The City’s bond attorney’s opinion is that the current code won’t allow refinancing of the city
bonds so they want citizens to add a section to eliminate the voter approval for refinancing debt.
What are the “economies” it is referring to? Will the cost to refinance be more than the
“economies” realized? What are considered “restrictive” limitations?
In August of 2011, the following was added AFTER 2-7-2 and this not only gives the City
Council authority to refinance but says the City Council should look for opportunities to
refinance. Title I, Chapter 9, Item E states “The City Council shall review at least annually all
outstanding debt obligations of the City to evaluate possible savings to be attained from
refunding existing debt. However, it shall be policy that opportunities for refunding the City’s
debt obligations should be pursued any time it is financially advantageous to do so, (Ord. 1445,
8-9-2011)
If the bond counsel is unable to render a validity opinion in connection with refunding
obligations of one million dollars ($1,000,000.00) or more, as defined under Nevada Revised
Statutes, refinancing existing City debt should be at the discretion of the electors of Boulder
City.
Vote NO on this ballot question 2!
(Submitted by the Ballot Question Committee as provided for in NRS 295.217)

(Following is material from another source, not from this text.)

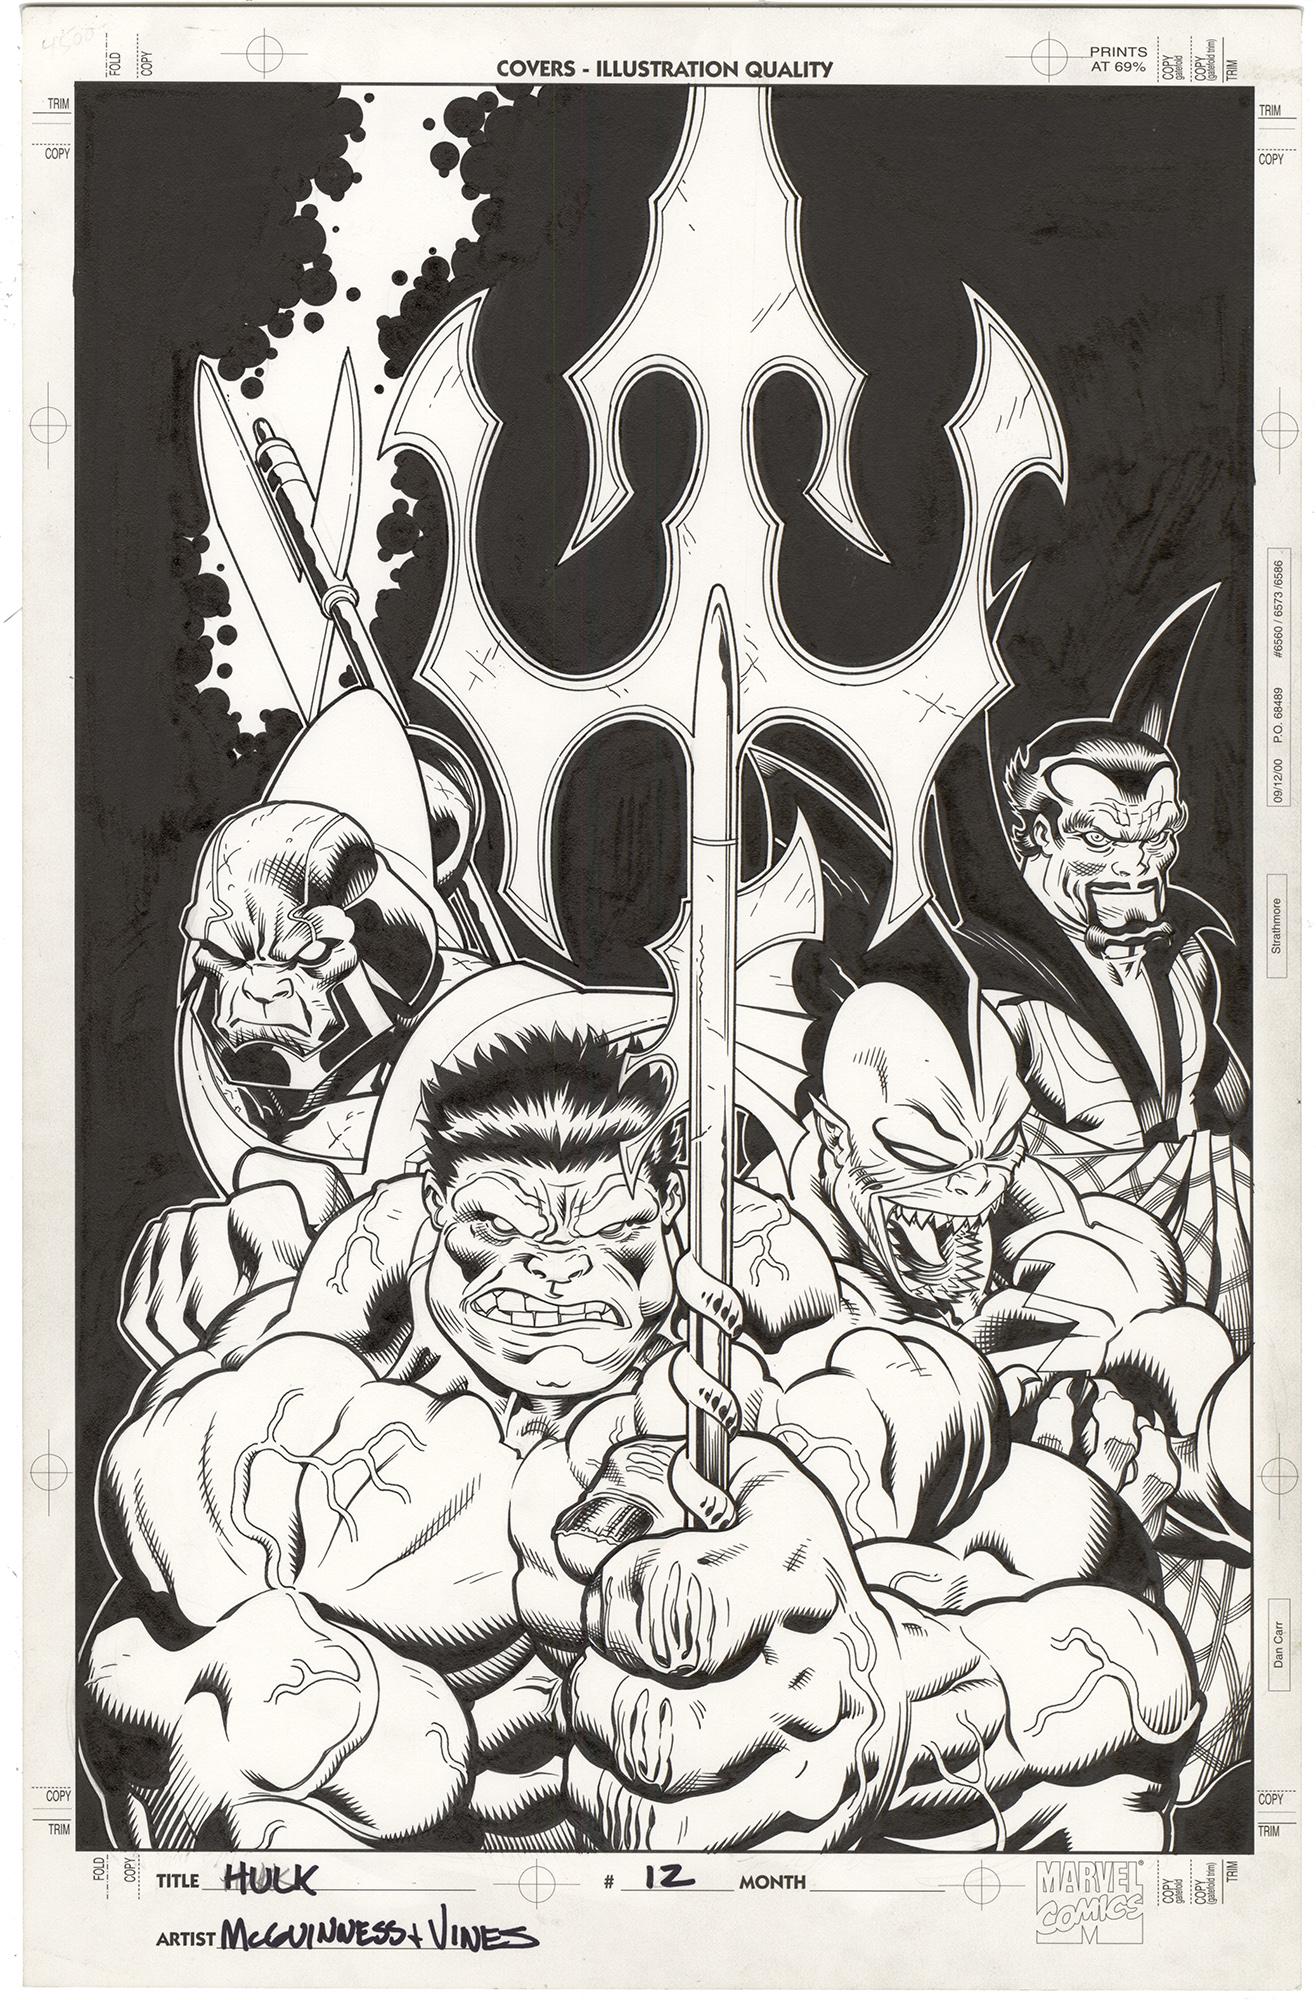 Hulk #12 Cover

REBUTTAL TO ARGUMENT AGAINST PASSAGE

The arguments against this question are weak. It is true that the bond counsel informed the BC City
Council they were unsure about refinancing existing debt based on current law. The bond counsel is paid
to consider all current laws to reach its decision. Laws based on citizen ballot initiatives must be treated
like all other laws on the books (Boulder City Charter, Article X, Section 102(1)). The bond counsel
can’t simply decide to favor one law over another. In their opinion, the law “restricts” them from
recommending refinancing. The uncertainty created by Section 2-7-2 should be clarified so the bond
counsel and the City Council can understand the intent of the voters.

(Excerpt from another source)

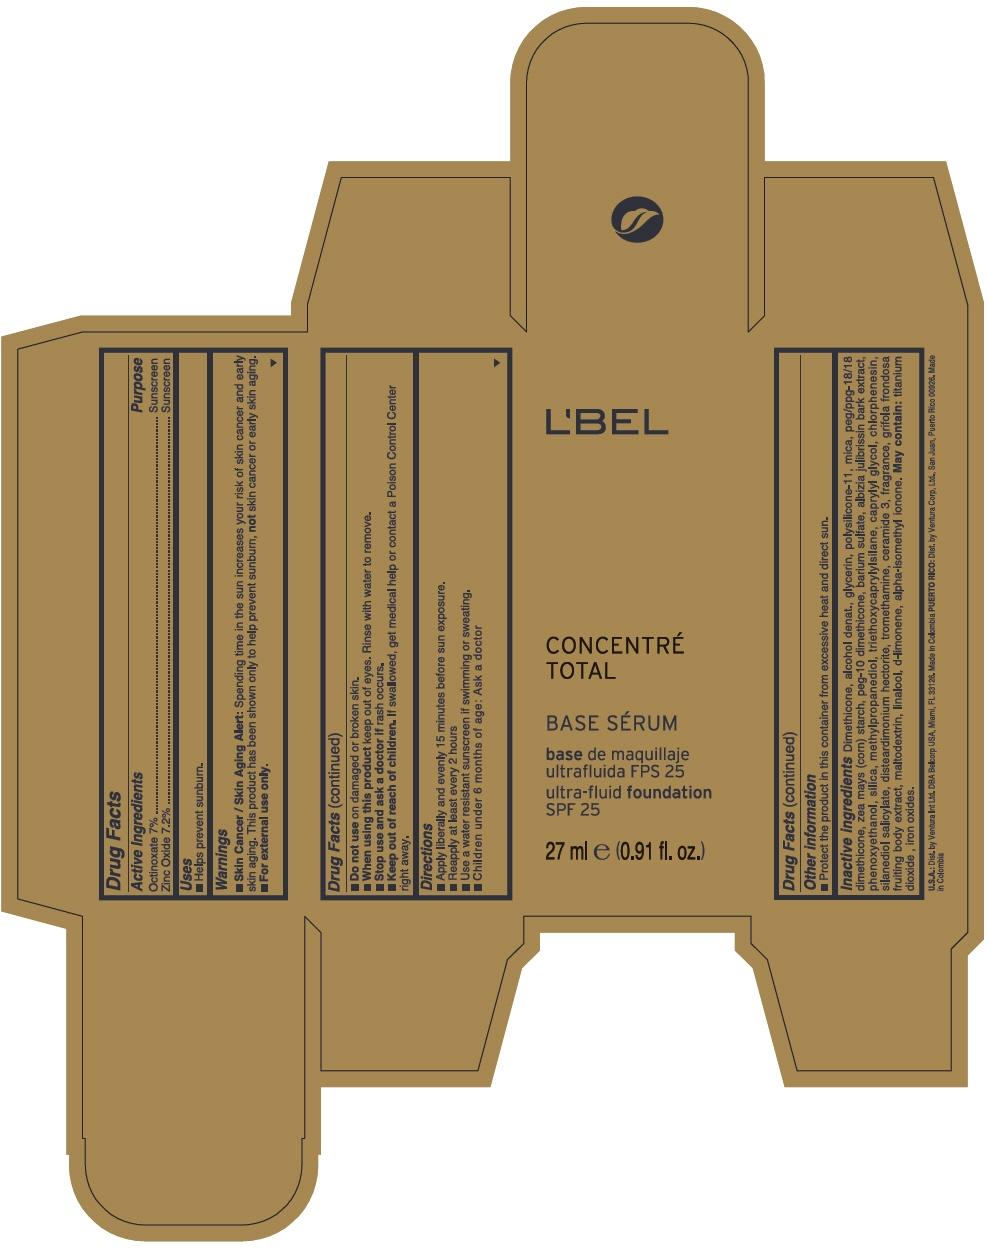 PRINCIPAL DISPLAY PANEL - 27 ml Tube Box - OBSCURE 8 - BEIGE

Why does the City Council want to refinance debt? Anyone who has borrowed money to later find
“economies,” such as a better interest rates or fee structures, realizes the cost savings. The City Council
is required to look for better deals on borrowed money (Ord. 1445, 8-9-2011). Right now they can only
refinance when the amount is less than one million dollars ($1,000,000.00). A ‘yes’ vote will allow the
city to save money on interest and fees while leaving the power to take on large new debts in voters’
hands.

(Submitted by the Ballot Question Committee as provided for in NRS 295.217)

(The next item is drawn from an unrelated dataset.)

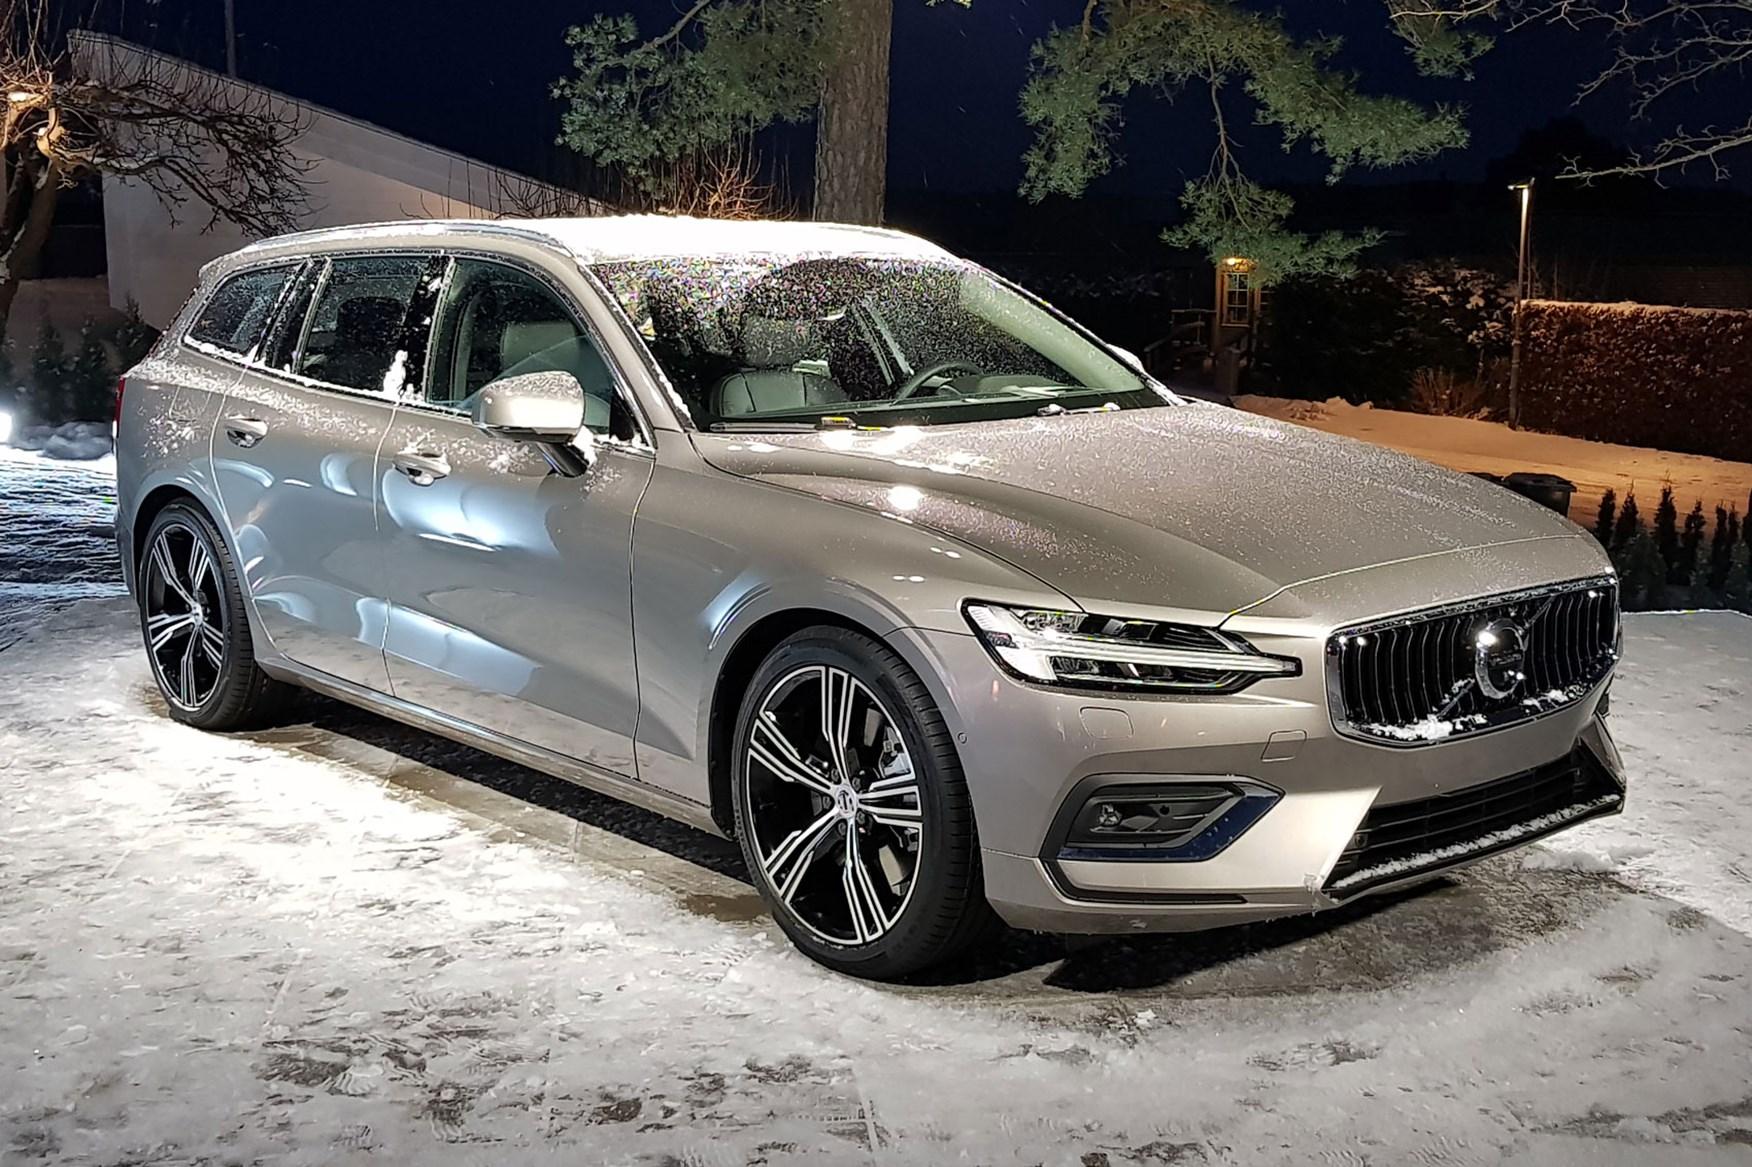 2018 Volvo S60 Release Date >> Volvo V60 estate (2018): interior, UK price and release date | CAR Magazine

ANTICIPATED FINANCIAL EFFECT
This Ballot Question does not propose (i) a new tax, fee or expense, or (ii) the increase of an
existing tax, fee or expense. Depending on market conditions, a “yes” vote could result in
interest rate savings without the approval of the electors of Boulder City should the city and its
agencies and enterprises incur refunding debt obligations to refinance existing debt obligations as
authorized by the Ballot Question; however, the anticipated financial effect of a “yes” vote
cannot be determined at this time. The anticipated financial effect of a “no” vote would prohibit
interest rate savings with respect to existing debt obligations of the city and its agencies and
enterprises without the approval of the electors of Boulder City.